The symptoms of the affection usually begin with a slight swelling in the outer upper part of the orbit by which the eye is pressed out of its normal position. As the swelling increases, which is usually a very slow process, the exophthalmus increases also and the eye 'is pressed down, in and forward, while up and outward movements become restricted. This is usually accompanied by diplopia. Gradually the outer part of the upper eyelid is pressed more forward, its folds disappear and it appears elongated. At this time, if not before, it is possible to feel the tumor at the location mentioned, and, perhaps, to see parts of it protruding under the conjunctiva when turning the upper eyelid. It may appear solid or lobulated to the palpating finger and it may feel hard or semi soft and elastic, according to its consistency; yet it is probably impossible to make a diagnosis as to its nature from these symptoms.

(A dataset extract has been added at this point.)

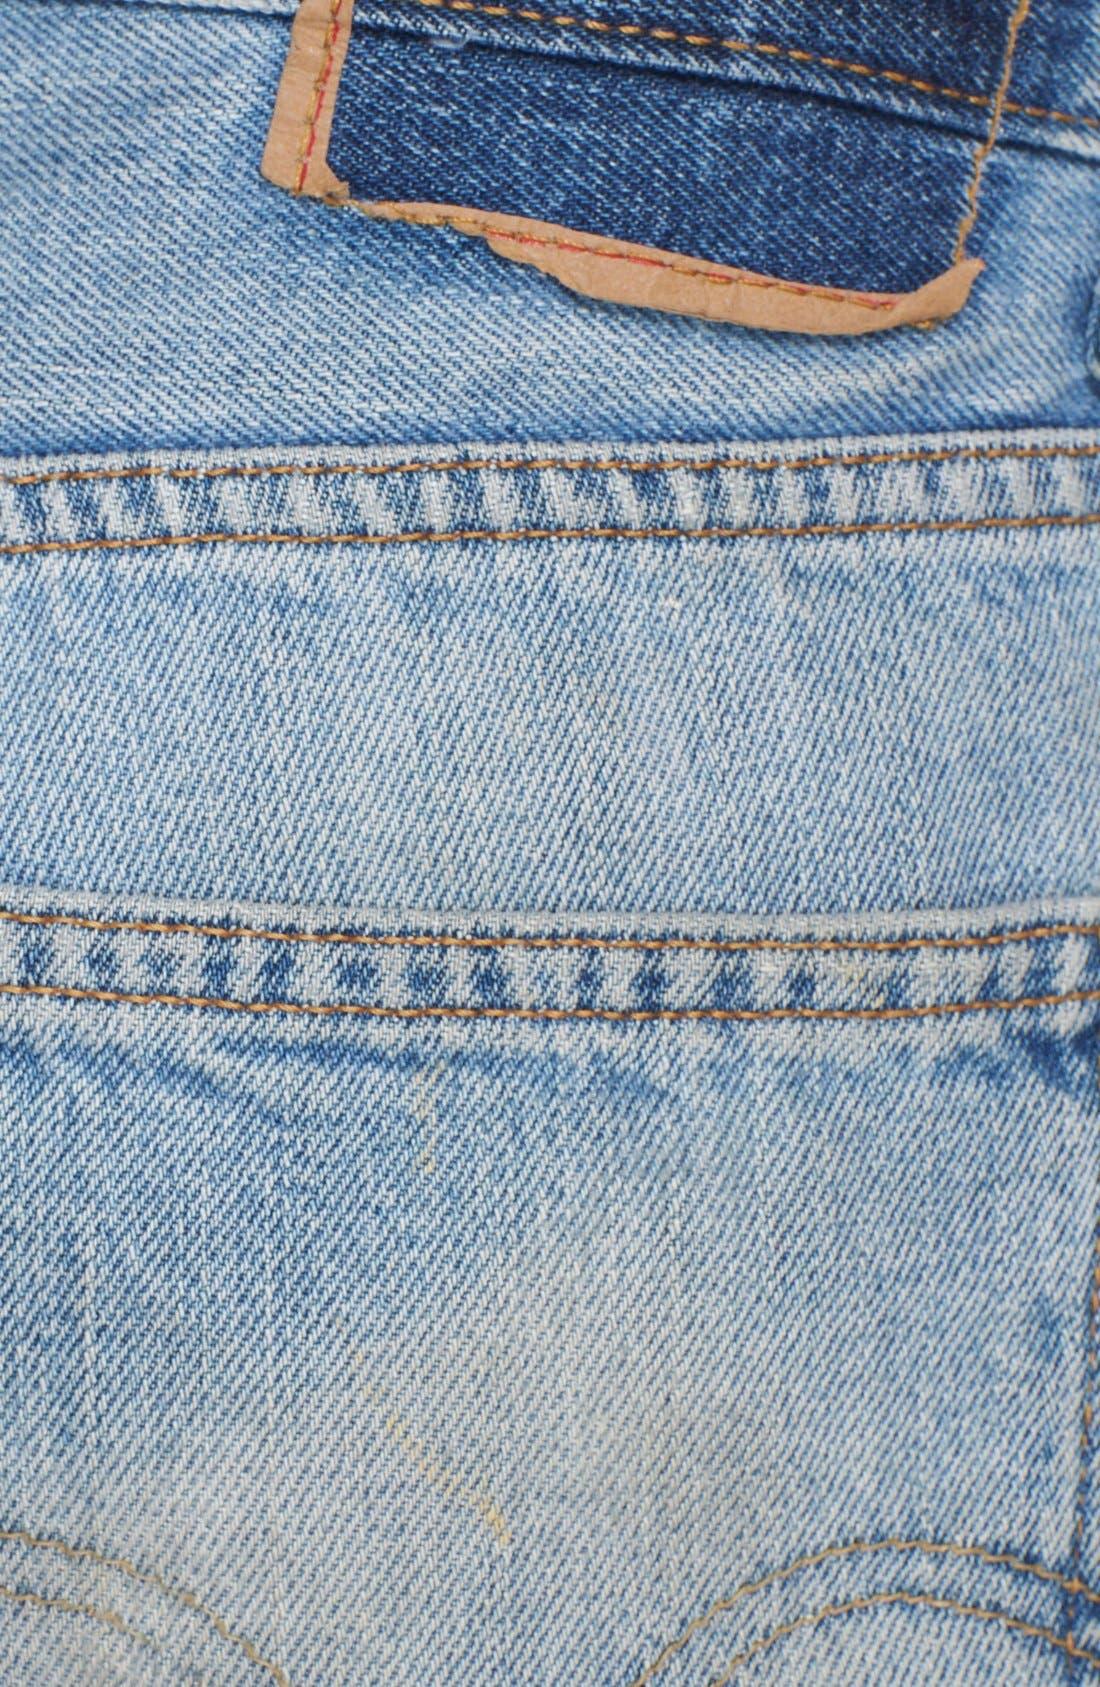 Alternate Image 3  - Free People Boyfriend Cutoff Denim Shorts

As the growth goes on the lid can neither be lifted nor does it fully cover the protruding eyeball. The veins of the lid and of the temple appear engorged. If the tumor grows more rapidly backward into the orbit, it may form a shell, so to speak, behind the eyeball, and thus produce an exophthalmus in an almost straightforward direction as we are accustomed to see due to tumors of the optic

nerve.

If the tumor is allowed to grow further, the exposed cornea sloughs or dries out.

During this gradual development of the tumor the patients sometimes suffer from considerable pain, others complain only of the diplopia, and this latter symptom may disappear when the eyeball is so far pressed down that the lower lid covers the pupillary area.

The only etiological factor which in the reported cases is sometimes stated is a previous injury of some kind or other to the temple on the affected side.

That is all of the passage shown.